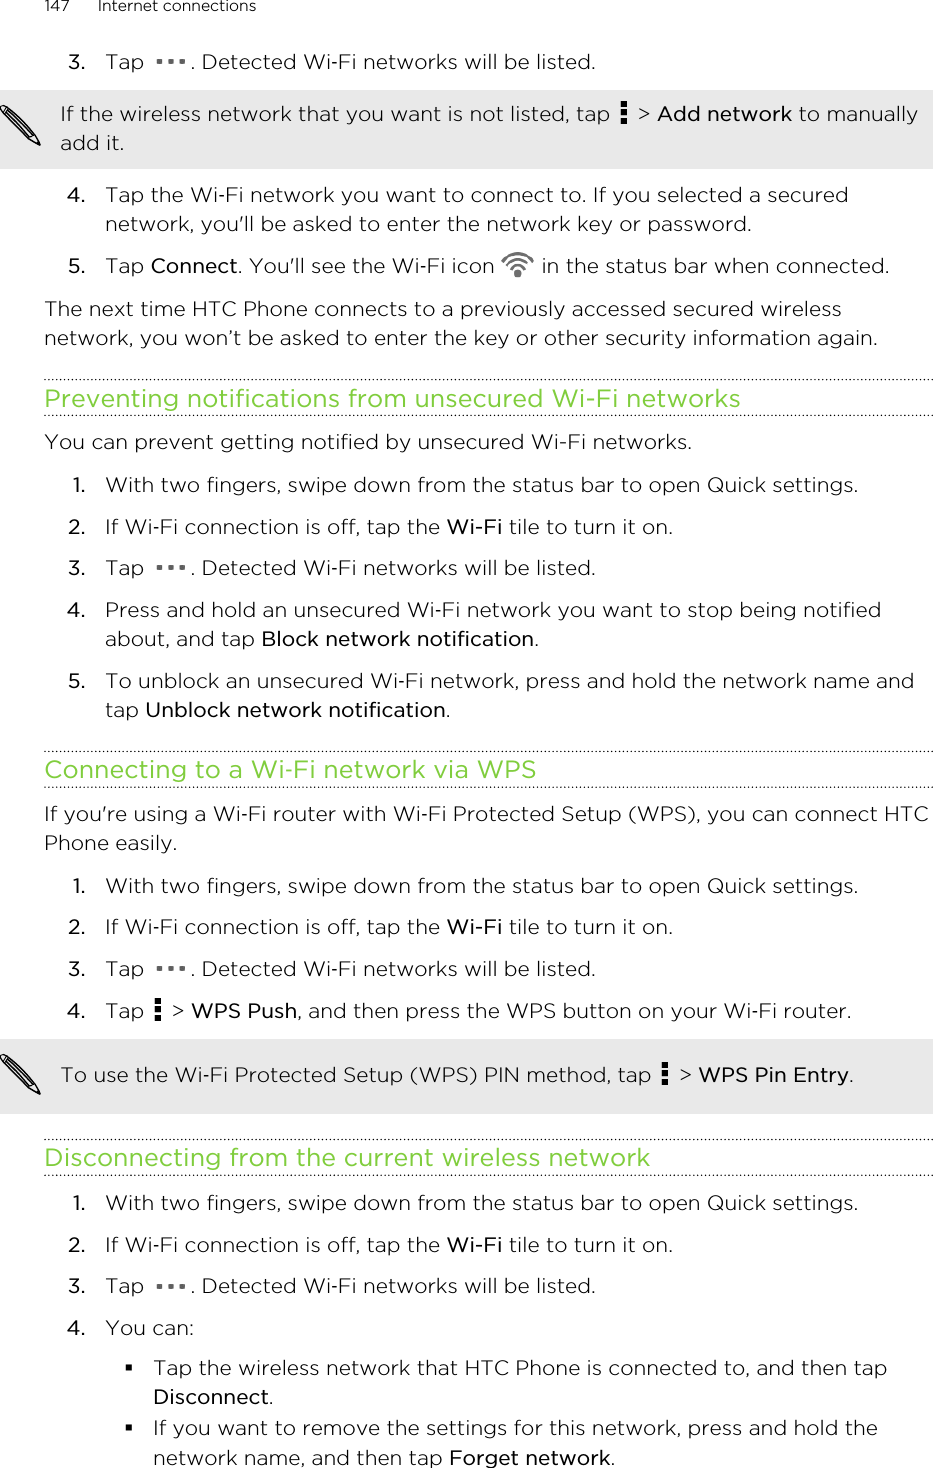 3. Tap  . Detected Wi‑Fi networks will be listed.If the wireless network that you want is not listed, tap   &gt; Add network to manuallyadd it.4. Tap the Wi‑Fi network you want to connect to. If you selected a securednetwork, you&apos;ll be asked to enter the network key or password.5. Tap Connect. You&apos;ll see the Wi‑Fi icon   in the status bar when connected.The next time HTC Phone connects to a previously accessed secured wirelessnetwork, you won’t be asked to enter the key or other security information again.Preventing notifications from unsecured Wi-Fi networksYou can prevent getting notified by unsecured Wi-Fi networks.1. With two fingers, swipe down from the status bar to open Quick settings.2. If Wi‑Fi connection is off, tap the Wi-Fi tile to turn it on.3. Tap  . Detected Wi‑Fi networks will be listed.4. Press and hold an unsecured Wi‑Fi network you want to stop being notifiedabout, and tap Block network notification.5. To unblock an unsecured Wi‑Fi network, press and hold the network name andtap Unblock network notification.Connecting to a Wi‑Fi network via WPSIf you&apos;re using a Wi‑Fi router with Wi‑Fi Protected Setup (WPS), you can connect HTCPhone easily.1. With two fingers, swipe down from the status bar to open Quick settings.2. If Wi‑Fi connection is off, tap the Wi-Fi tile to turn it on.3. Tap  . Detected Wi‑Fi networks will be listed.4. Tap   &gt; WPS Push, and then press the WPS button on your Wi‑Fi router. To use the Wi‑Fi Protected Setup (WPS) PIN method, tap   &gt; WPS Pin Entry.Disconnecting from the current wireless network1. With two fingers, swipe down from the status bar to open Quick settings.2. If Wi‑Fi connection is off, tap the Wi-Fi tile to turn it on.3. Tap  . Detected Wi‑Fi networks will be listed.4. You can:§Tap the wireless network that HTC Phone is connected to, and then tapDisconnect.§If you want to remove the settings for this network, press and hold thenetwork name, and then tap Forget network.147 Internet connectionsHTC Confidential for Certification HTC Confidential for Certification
--------------------------------
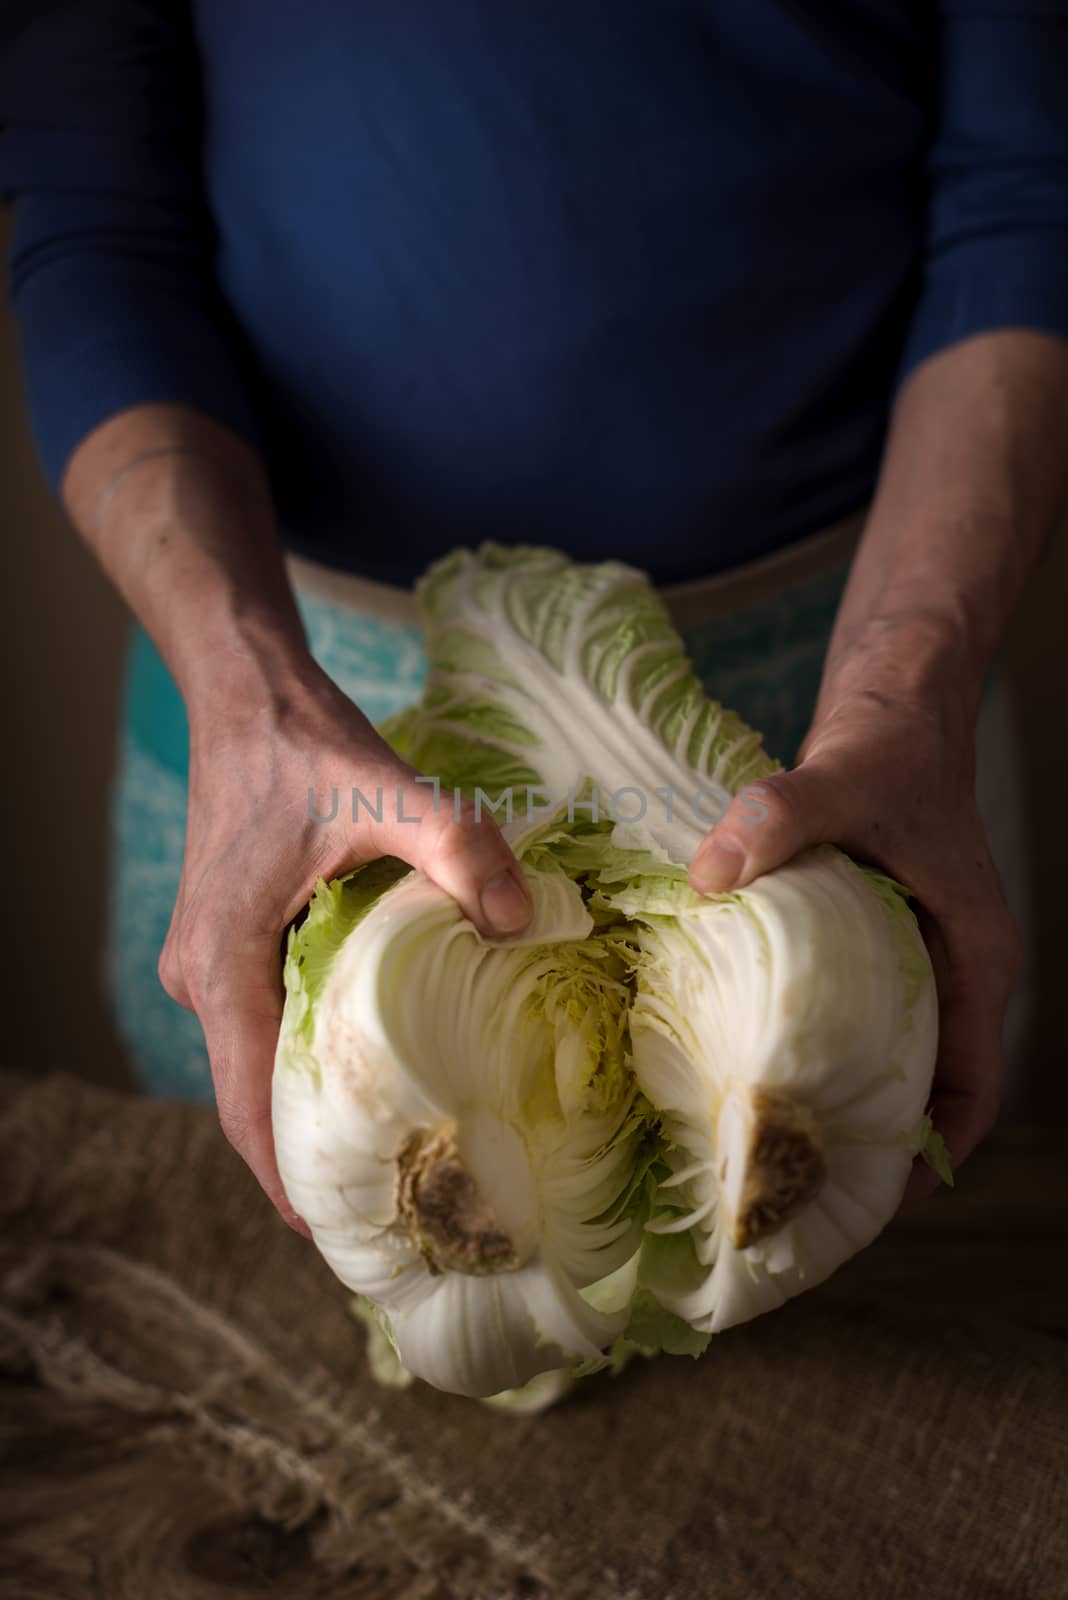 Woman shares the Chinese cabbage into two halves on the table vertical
--------------------------------
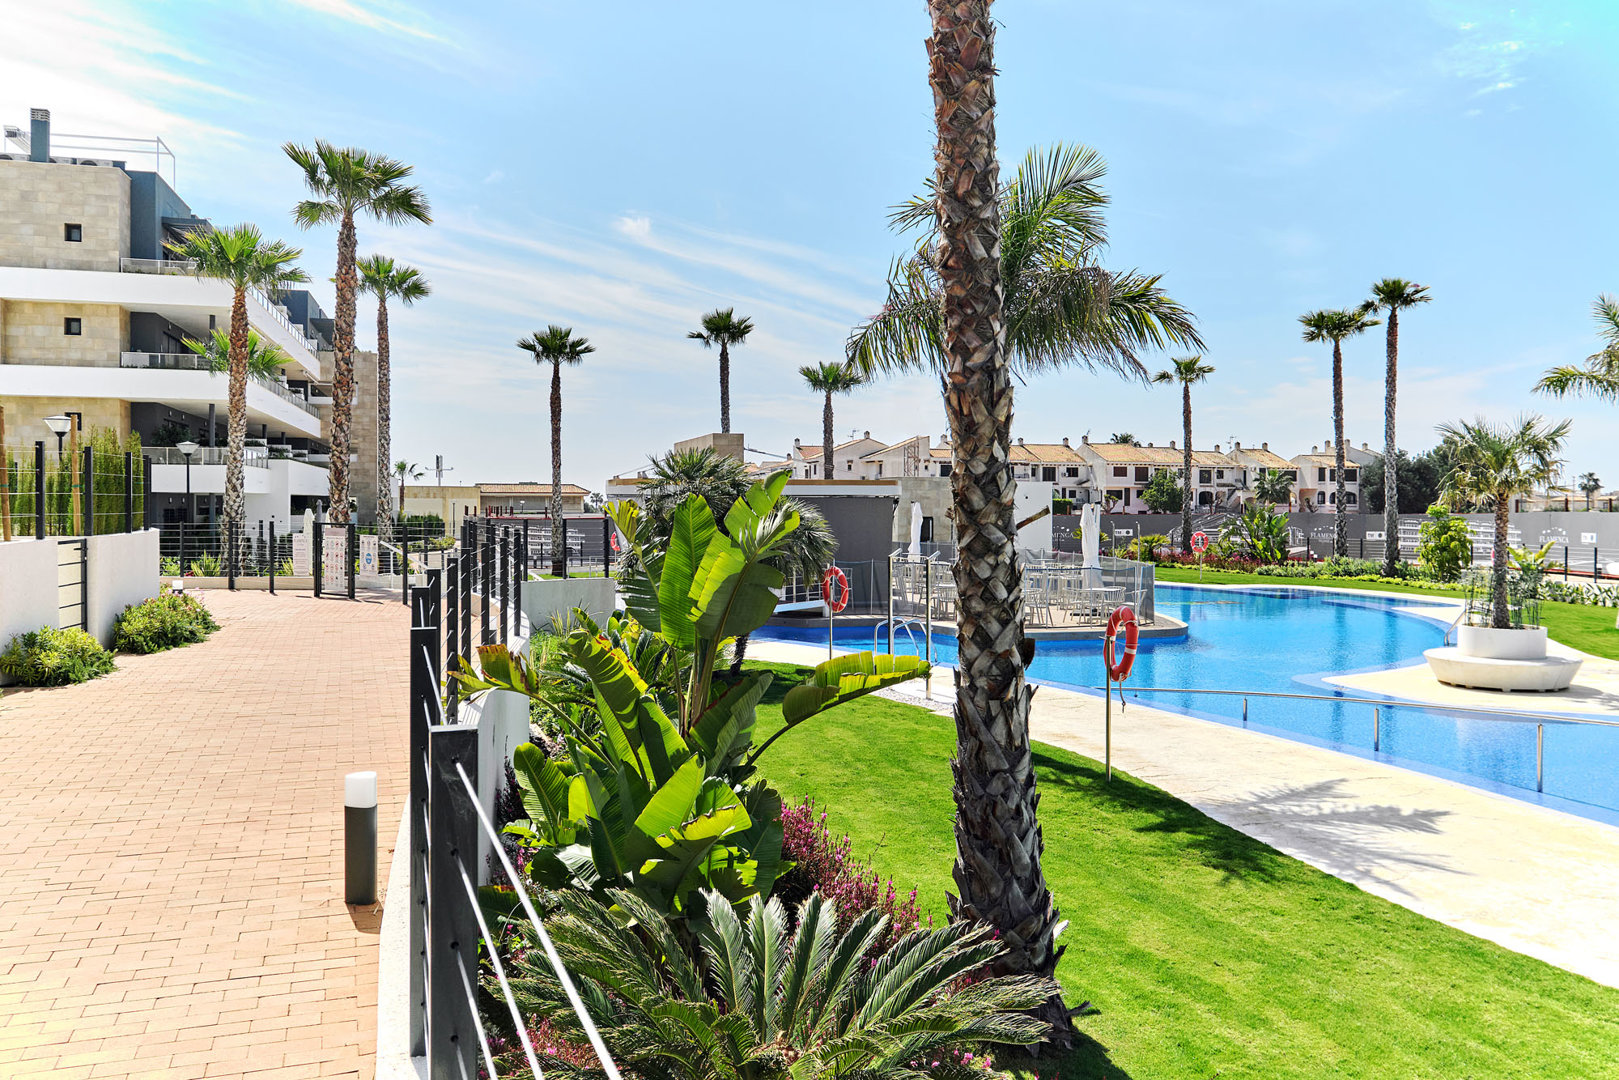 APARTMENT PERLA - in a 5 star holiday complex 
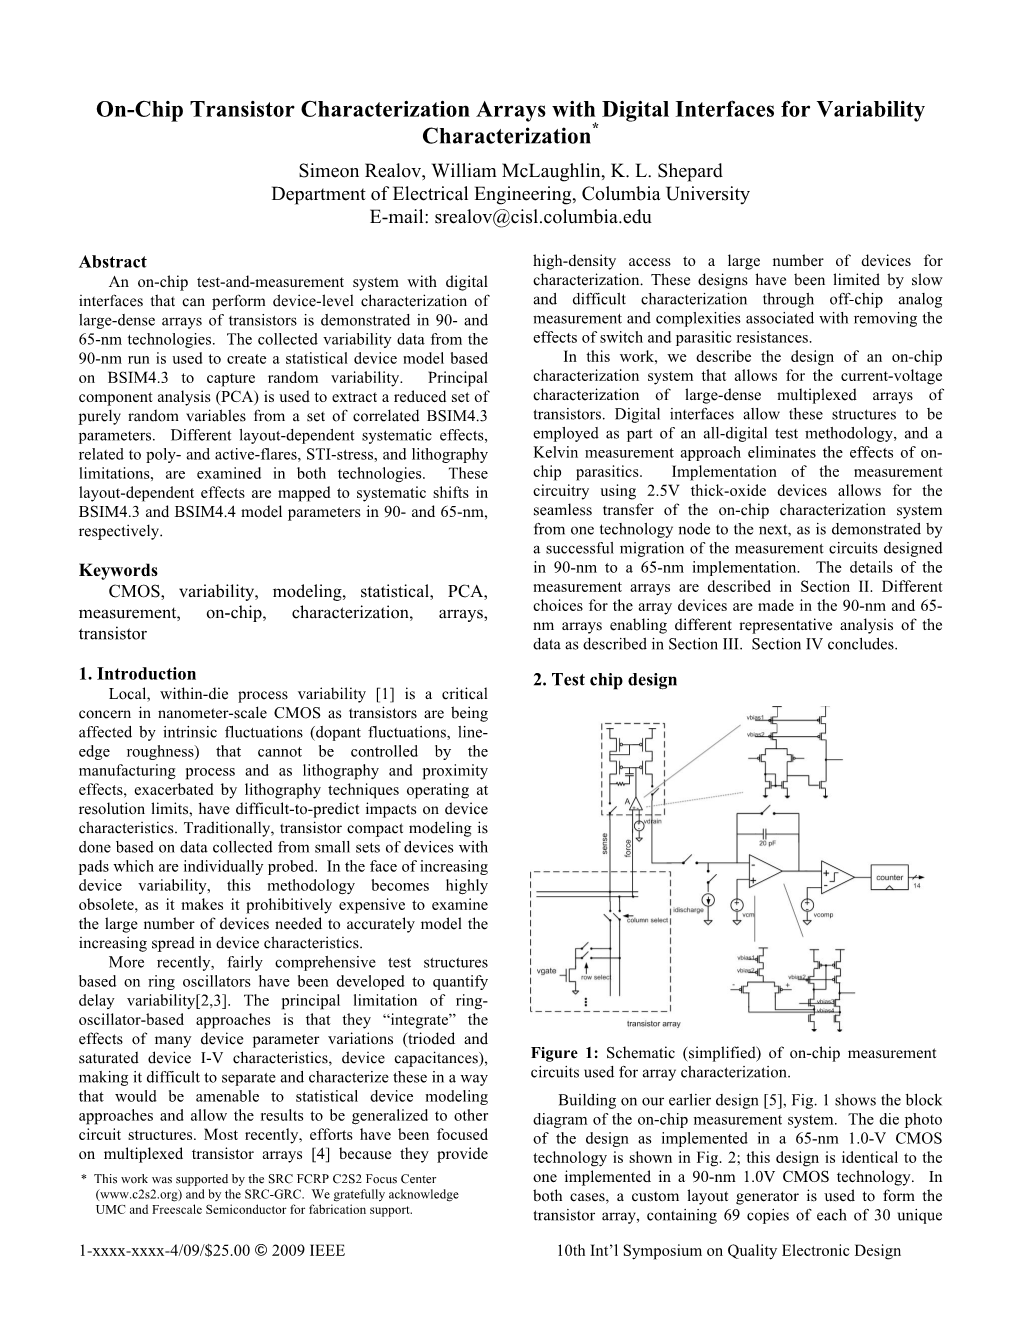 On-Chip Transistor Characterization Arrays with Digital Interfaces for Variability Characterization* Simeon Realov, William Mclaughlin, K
--------------------------------
**TASK BRIEF**: Once the line with "APARTMENT PERLA - in" is found above, print it and every line after it through the line with "On-Chip Transistor Characterization", exactly. Pictures stay out.

**WORKED SOLUTION**:
 APARTMENT PERLA - in a 5 star holiday complex 
 On-Chip Transistor Characterization Arrays with Digital Interfaces for Variability Characterization* Simeon Realov, William Mclaughlin, K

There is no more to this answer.